Schools are being sold software to monitor pupils’ internet activity for extremism-related language such as “jihadi bride” and “YODO”, short for you only die once.

Schools are being sold software that can monitor pupils internet use Photograph: Damien Meyer/AFP/Getty Images
Schools are being sold software that can monitor pupils internet use Photograph: Damien Meyer/AFP/Getty Images

Several companies are producing “anti-radicalisation” software to monitor pupils’ internet activity ahead of the introduction of a legal requirement on schools to consider issues of terrorism and extremism among children.
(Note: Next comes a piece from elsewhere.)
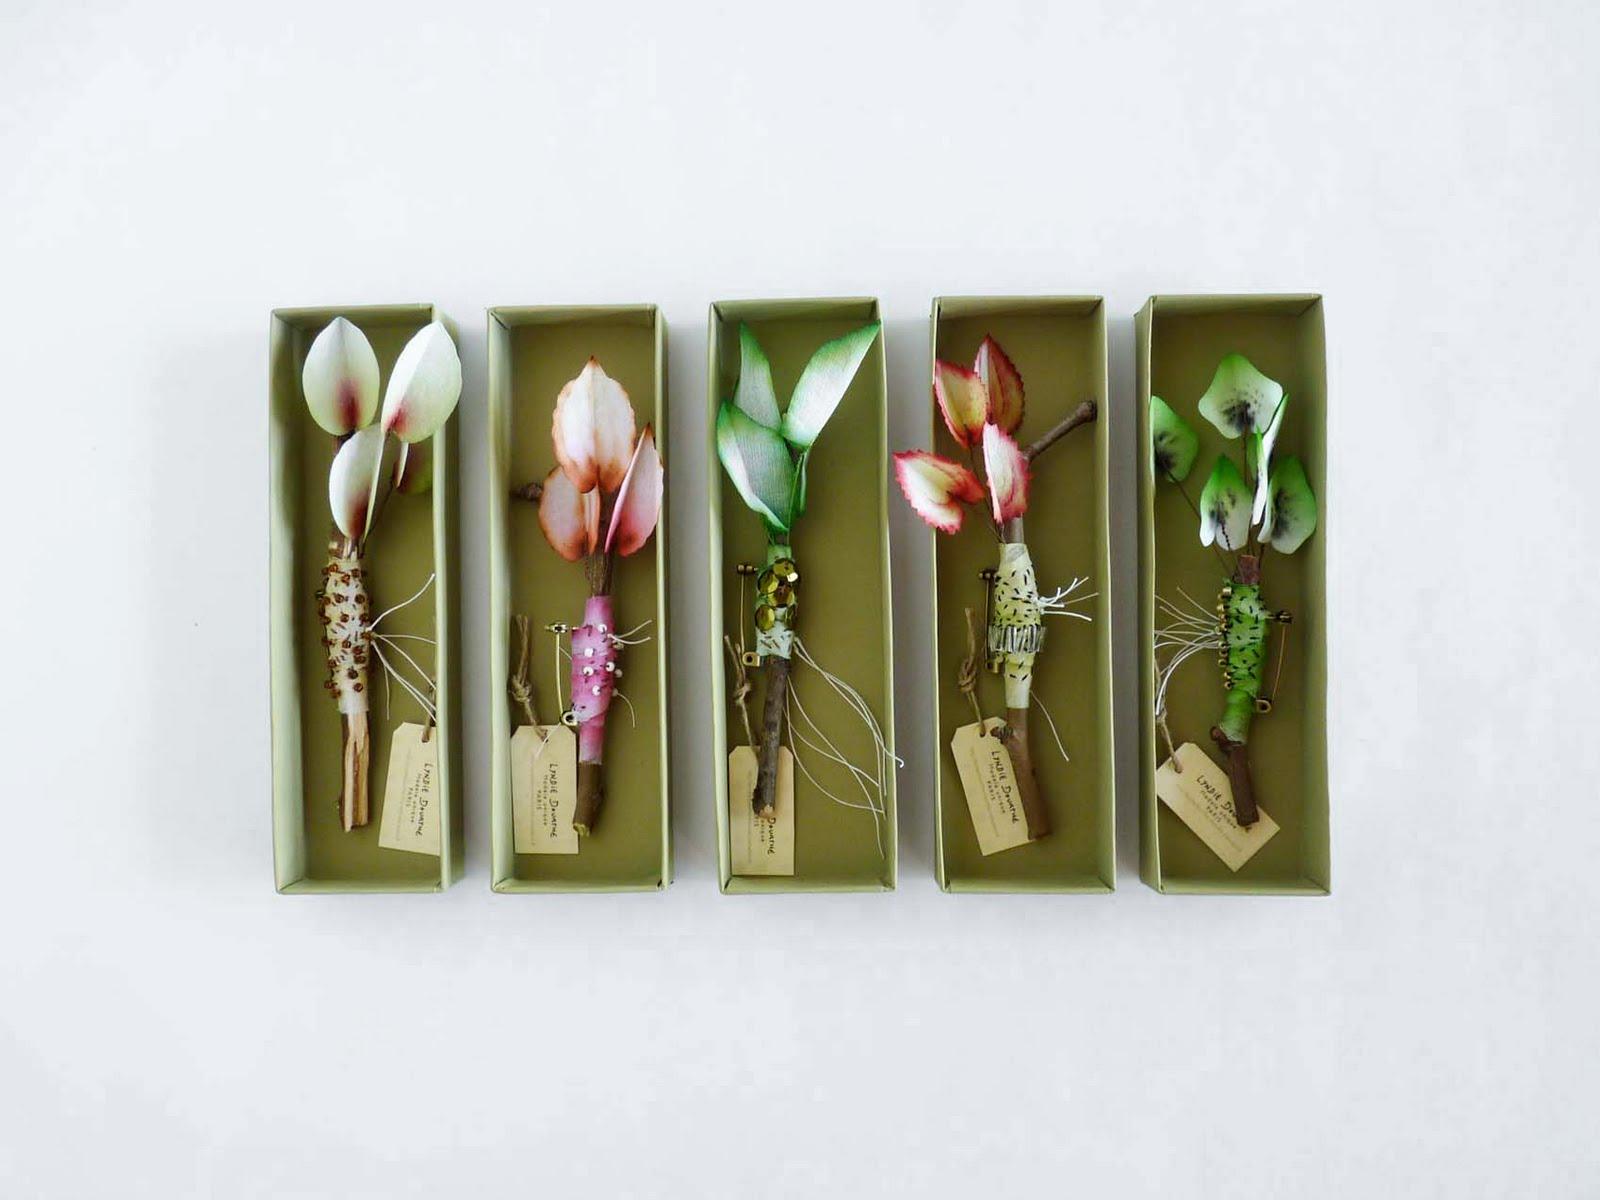 lyndie dourthe livraison de fleurs. Black Bedroom Furniture Sets. Home Design Ideas

Under the Counter-terrorism and Security Act 2015, which comes into force on 1 July, there is a requirement that schools “have due regard to the need to prevent pupils being drawn into terrorism”.

One company, Impero, has launched a pilot of its software in 16 locations in the UK as well as five in the US. Teachers can store screenshots of anything of concern that is flagged up by the software. Other companies offering anti-radicalisation software products to schools include Future Digital and Securus.

Impero has produced a glossary of trigger words such as “jihobbyist” (someone who sympathises with jihadi organisations but is not an active member) and “Message to America” (an Islamic State propaganda video series).

Schools involved with the Impero pilot already have contracts to buy or rent other software from the company, and are trialling the anti-radicalisation software at no extra charge. They are in areas including London, County Durham, Essex, Leicestershire, Warwickshire, Yorkshire and Staffordshire.

Yahya Birt, a Muslim academic specialising in British Islam, tweeted about the four-year-olds potentially being monitored for radicalisation: “They’re pre-lingual, let alone pre-political. It’s bonkers.”